The presence of big petrochemical industries not only poses a threat to the environment and to physical health, it also impacts the psychological well-being of women in the bay area. Eliete: ‘The companies tell us they are operating for our benefit too, but we fear them and their staff. We fisherwomen constantly feel very insecure to go fishing in the mangroves. Women are raped there by workers of these companies. In our culture it was traditionally normal for a woman to go fishing on her own in the mangroves. The authorities have no idea how these economic activities affect us, they don’t know how powerless we feel when there is no help whatsoever for women being attacked in the mangroves. We feel threatened of losing all our rights, all our fishing grounds on the sandbanks and in the mangroves. We feel raped.’

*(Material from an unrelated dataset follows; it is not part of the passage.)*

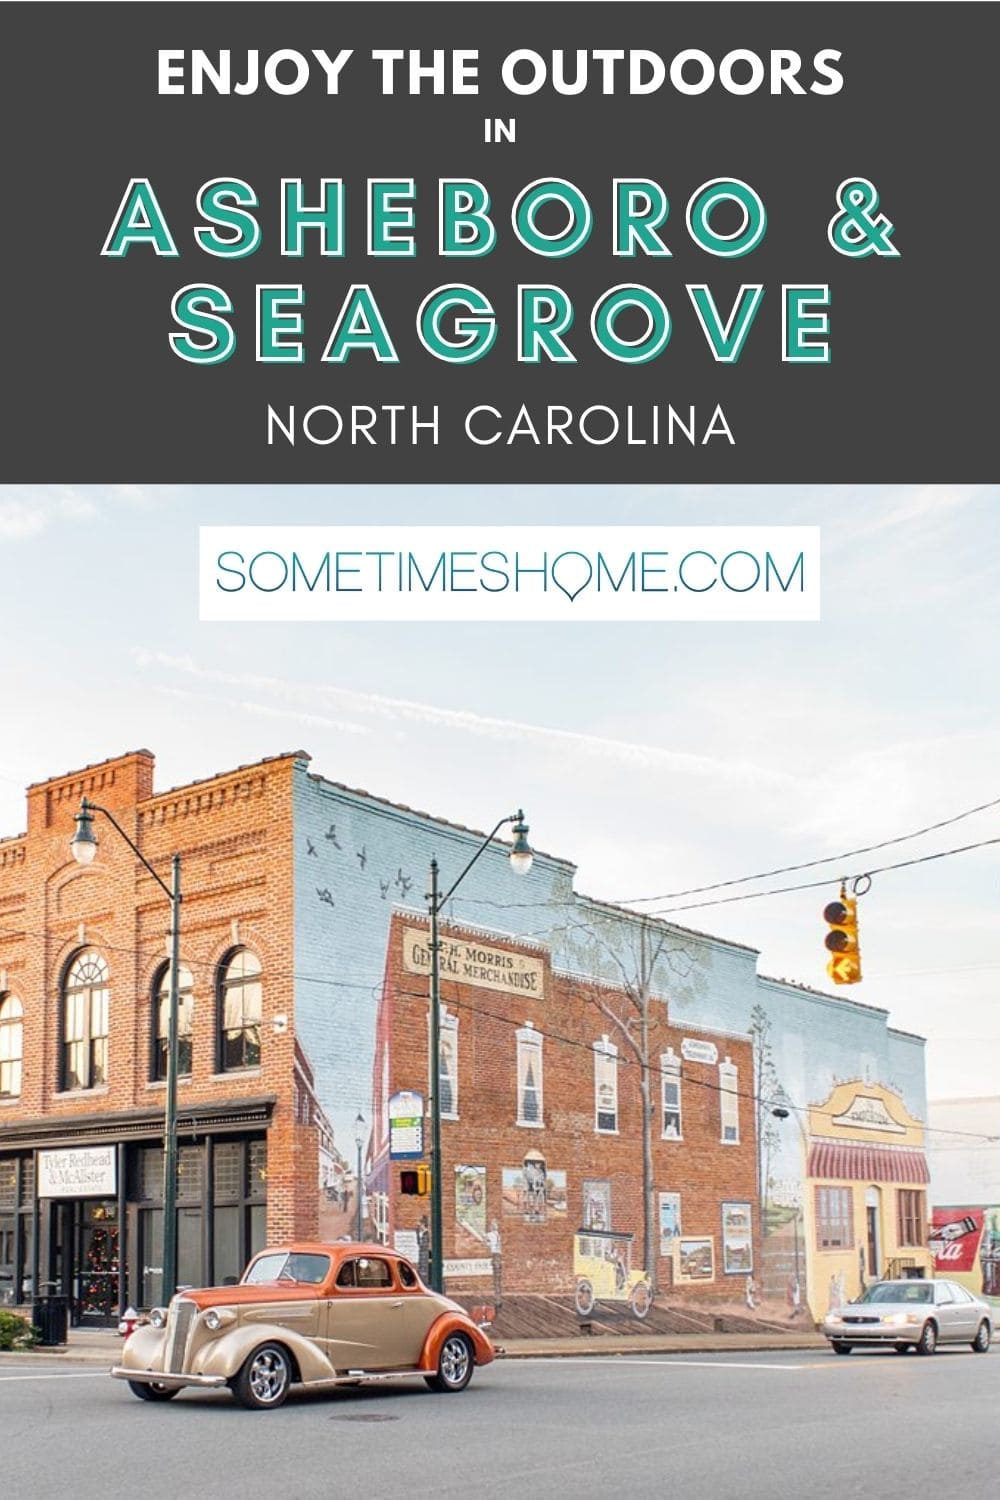 Enjoy the Outdoors in Asheboro and Seagrove North Carolina with a photo of a street mural and vintage car.
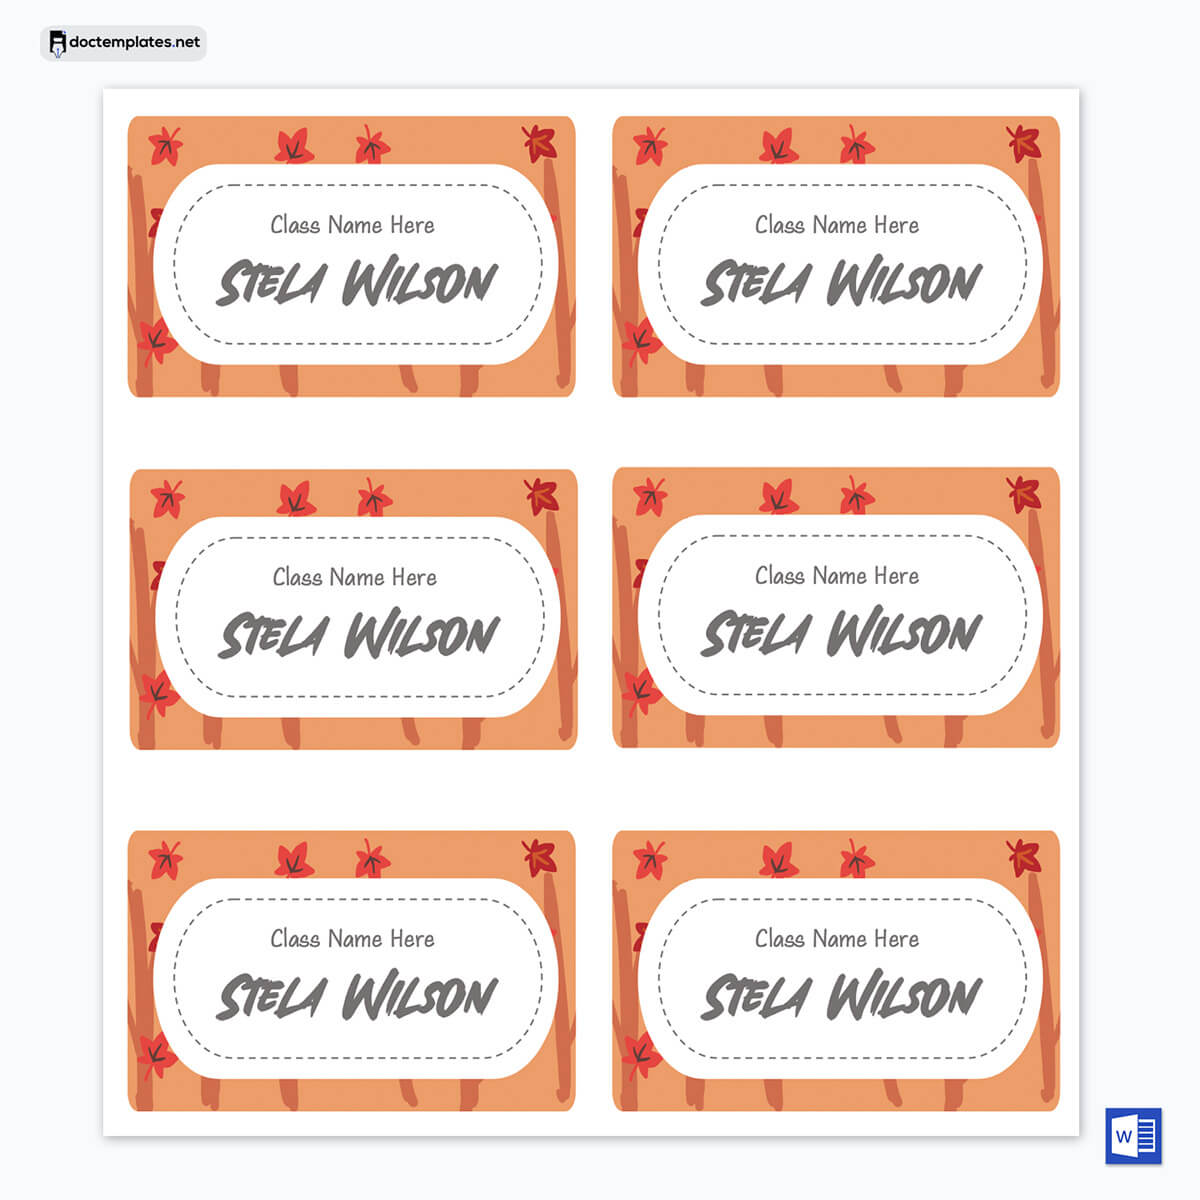 "Elevate Networking with Avery Name Tag Template - 20 Editable Samples"

Eliete and other members of the regional fishermen’s associations are trying for years now to prove misconduct by the petrochemical companies and the disastrous effects of their activities on the traditional way of life of the quilombola communities. They do this together with a Bahia state public prosecutor and several academic experts on environmental issues. Some academics have even called it ‘environmental racism’. Their aim is to oblige companies to operate according to environmental laws and licenses. It is not financial compensation Eliete Paraguassu is after. ‘We will never endure the loss of family members. Even if they come with thousands of boats loaded with money, it will never cure our pain and that of our relatives. This is all I have on Maré: the mangrove, my parents, my children and my friends. I don’t need money to be happy.’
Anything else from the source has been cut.